The collection did not make the slightest concession to the streetwear winds that have swept fashion of late, but it felt energetic and upbeat nonetheless
A girl in a bra top and rolled-up, banana-shaped trousers, her face veiled by a net, her eyebrow marked by a scar. This is who opened the Giambattista Valli show. She had many sisters on the white-carpeted catwalk, all looking just as fierce. Quite remarkable sights to behold, this being a haute couture show.
It was quite a shift in the aesthetic system of the designer, too.
Radiant and a tad naughty, Valli described the women as “ghetto girls.” Ghetto in Valli’s world, that’s for sure.

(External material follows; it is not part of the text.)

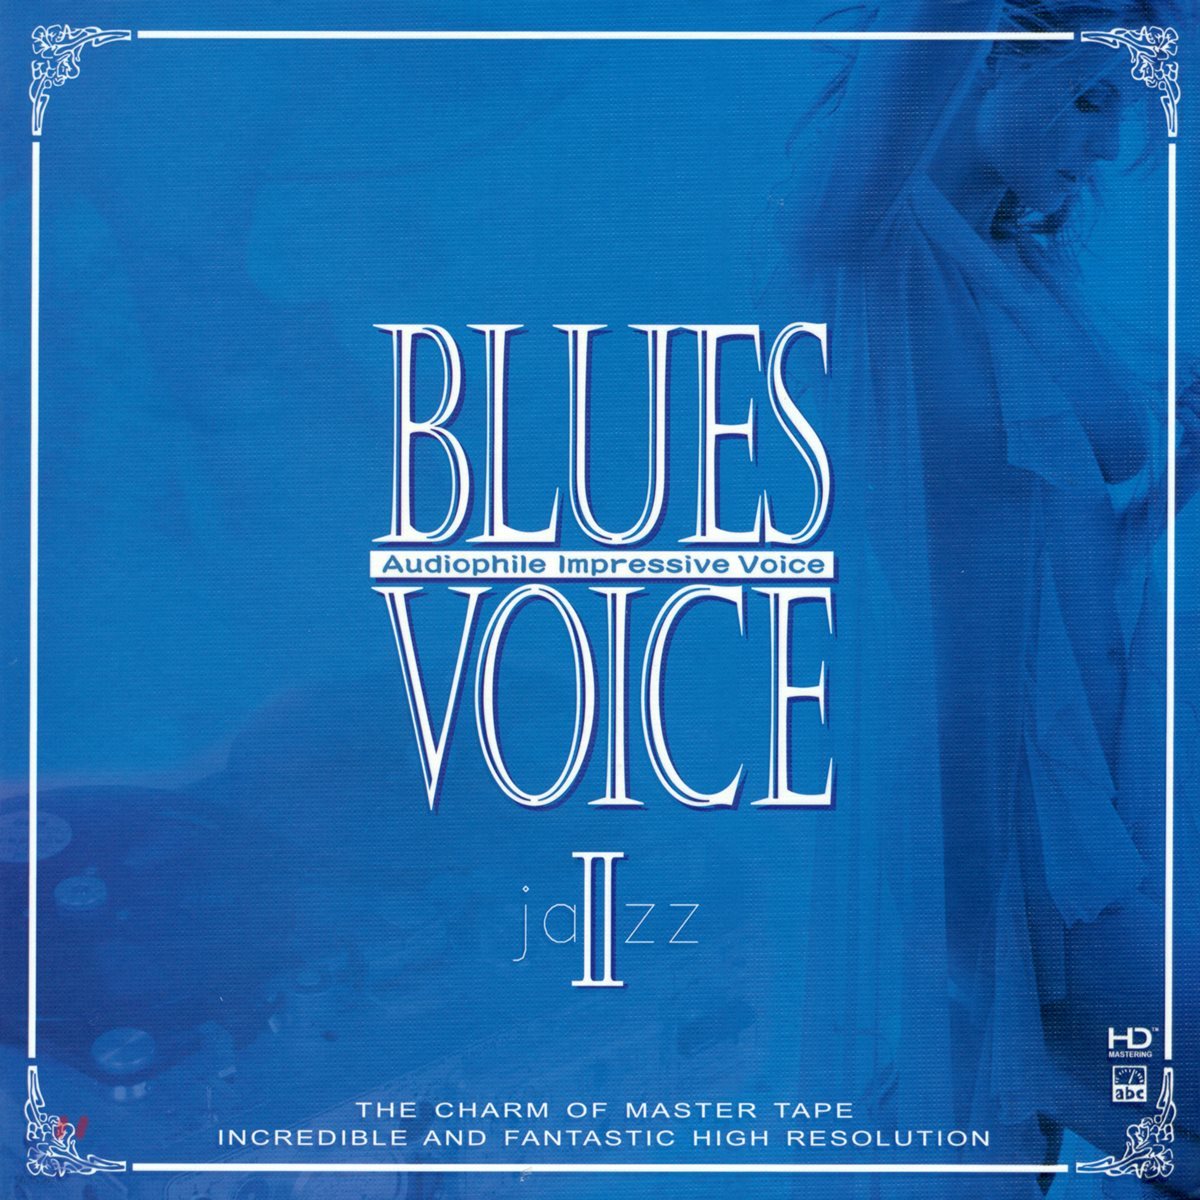 재즈 & 블루스 보컬 모음집 (Blues Voice 2 : Audiophile Impressive Voice)

Although pervaded by a palpably youthful spirit, the collection did not make the slightest concession to the urban, streetwear winds that have swept fashion of late. Yet, it felt fresh, energetic and upbeat nonetheless.
As a designer, Valli has always been interested in the complexities and contrasts of womanhood, which he depicts in the juxtaposition of sharp silhouettes and flowery volumes. Today he tested new grounds: the flowery and fluttery got graphic — and the graphic got giddy. This being Valli, there were slightly dramatic numbers with a Cristobal Balenciaga feel to them, but it was the svelte silhouettes that stole the show.
Valli said the artist Francis Picabia, during his Dadaist phase, served as an inspiration, specifically his portraits of women and Dada’s inherent proclivity for displacement. Ultimately, it was Valli’s point of view on youthfulness that delivered the message. “Everybody obsesses over millennials, but what does that mean? Youth is a way of being, not a matter of age.” Well said.